— Dataset section —
· · ·

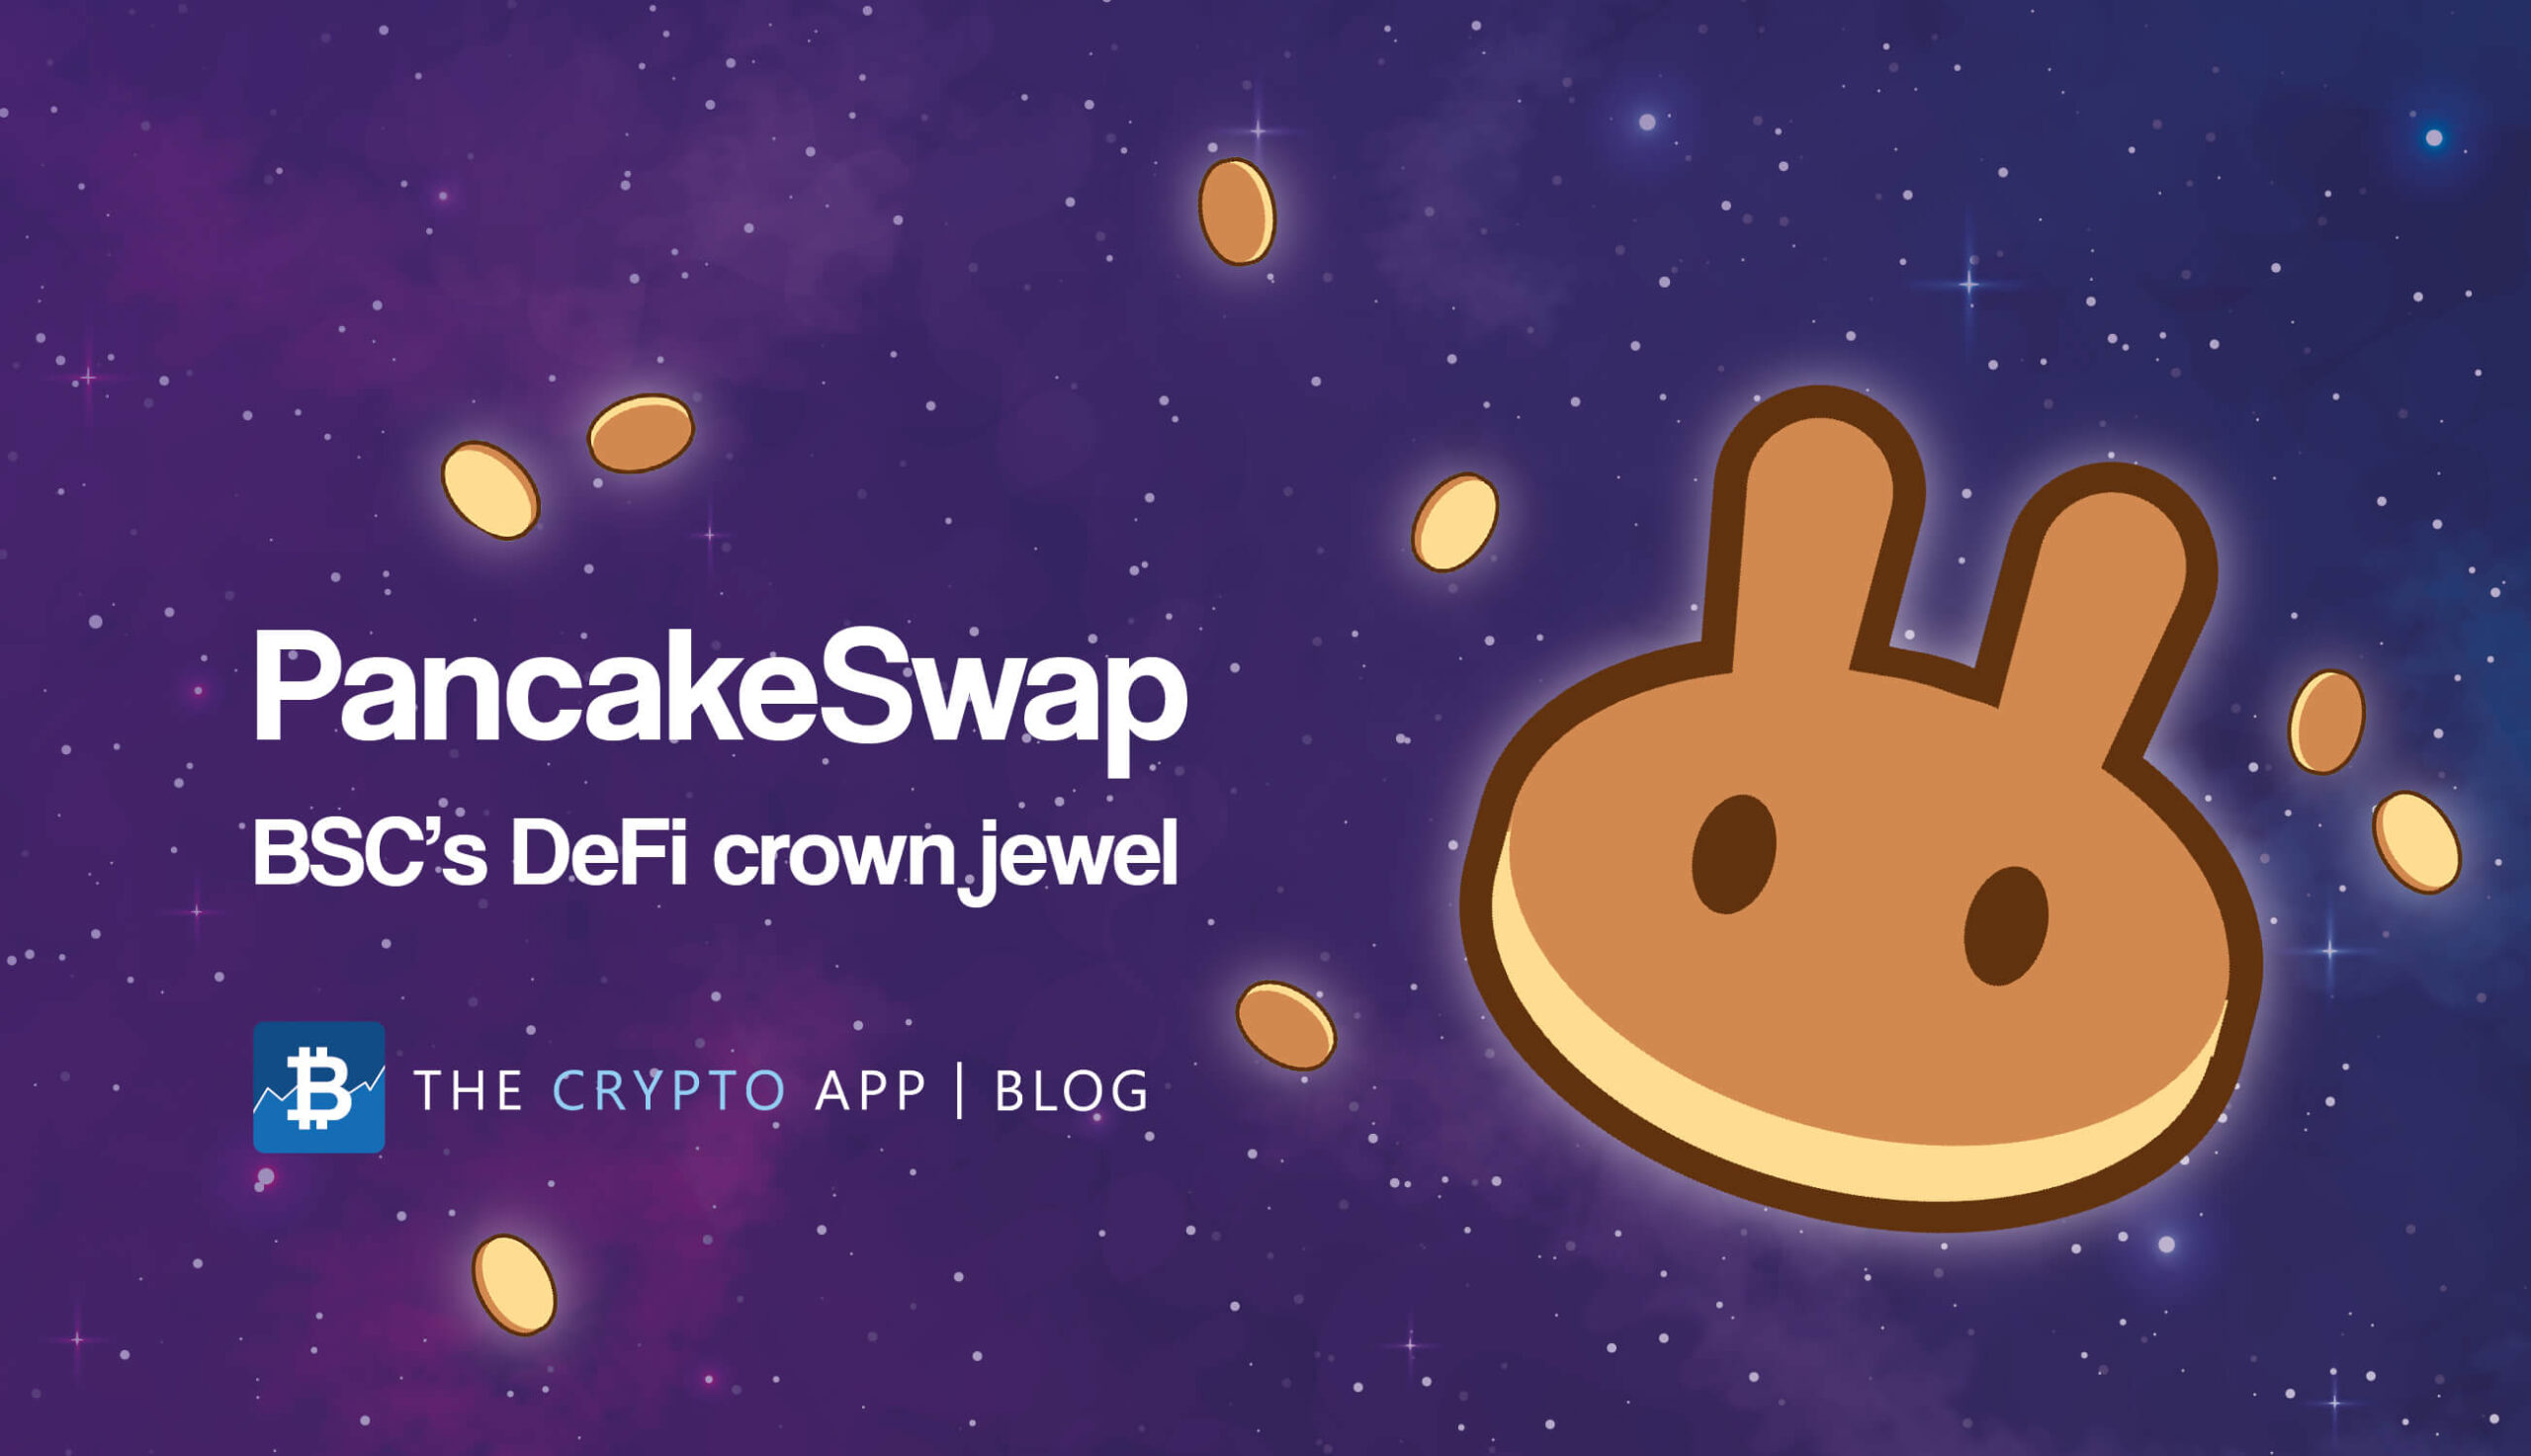 PancakeSwap: BSC’s DeFi crown jewel
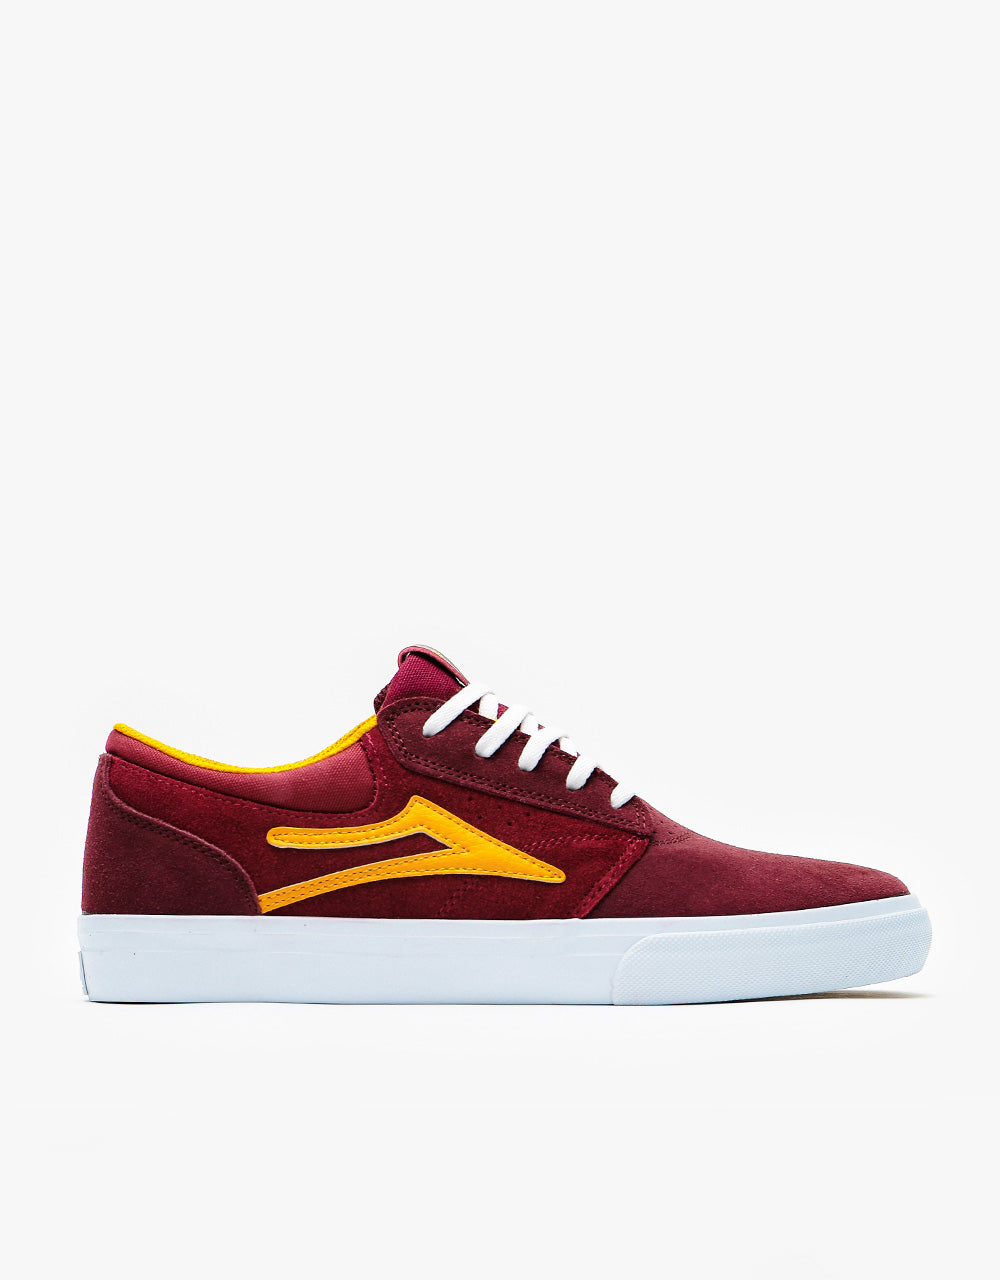 Lakai Griffin Skate Shoes - Burgundy/Cardinal Suede
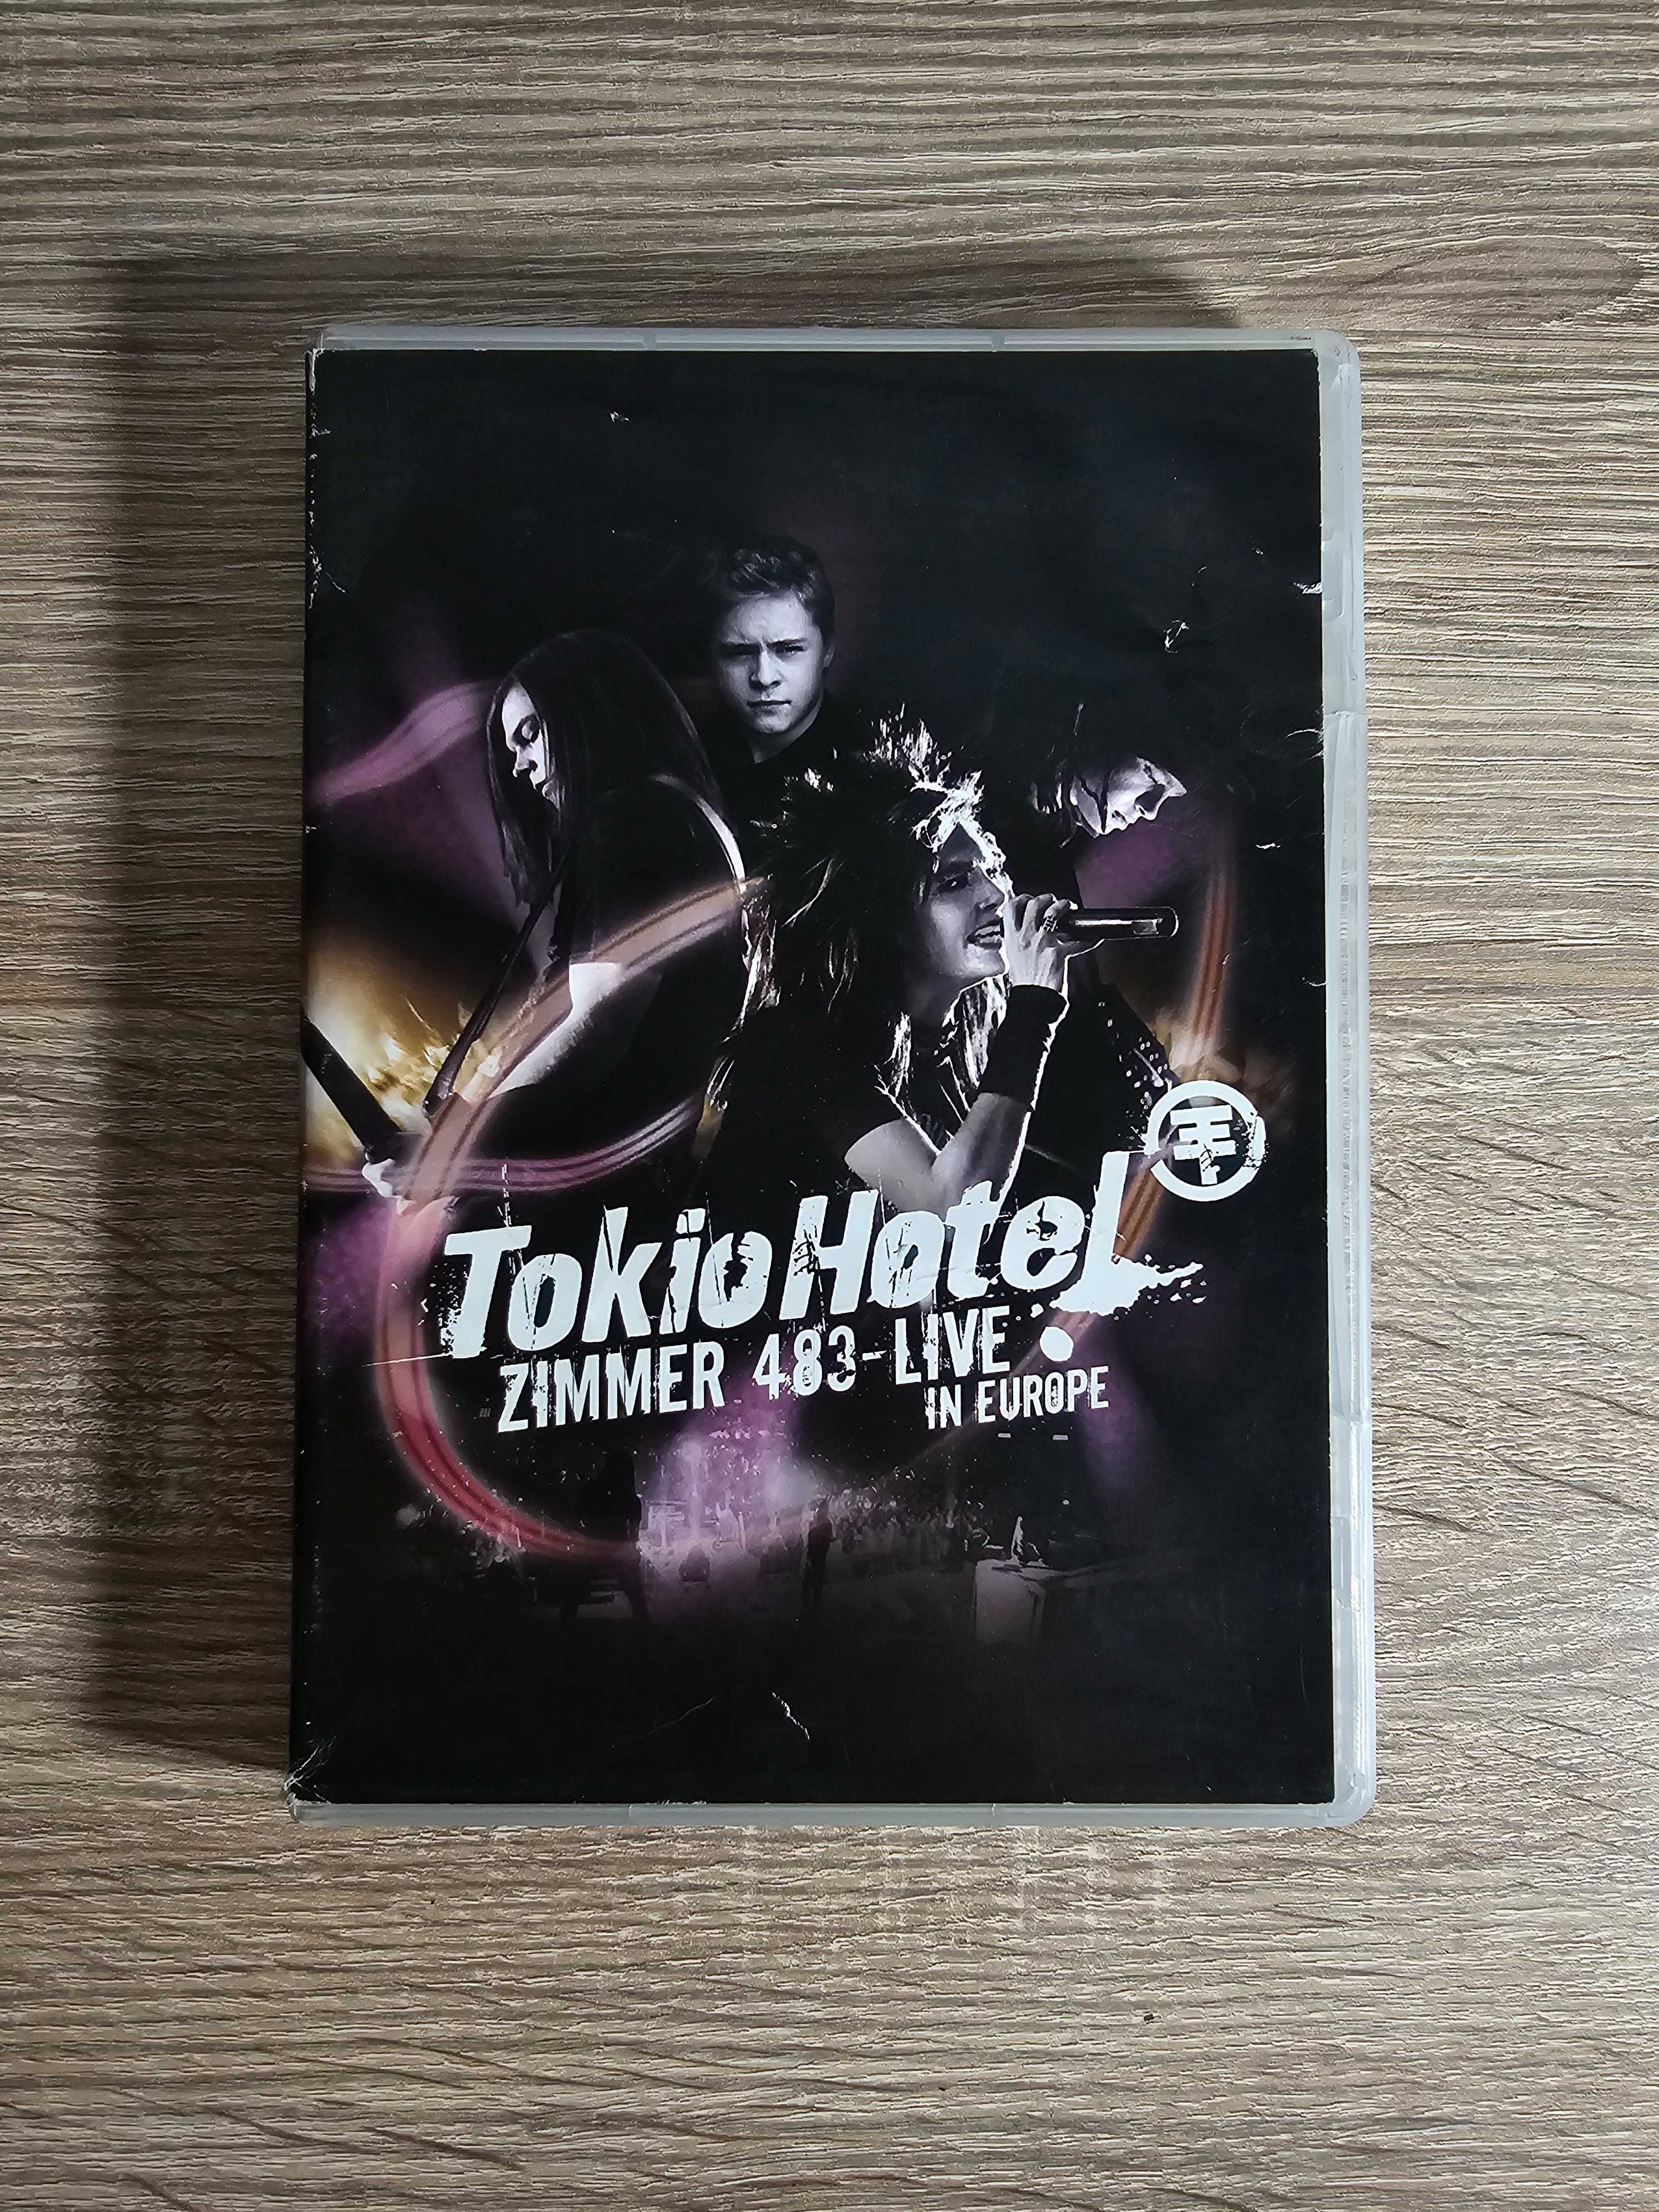 Tokio Hotel Zimmer 483 Live in Europe - DVD [UNIKAT]

· · ·

— Work task —
Every line from the one with "Lakai Griffin Skate" through the last line of the data must be copied exactly. Leave the pictures out.

— Completed exercise —
 Lakai Griffin Skate Shoes - Burgundy/Cardinal Suede
 Tokio Hotel Zimmer 483 Live in Europe - DVD [UNIKAT]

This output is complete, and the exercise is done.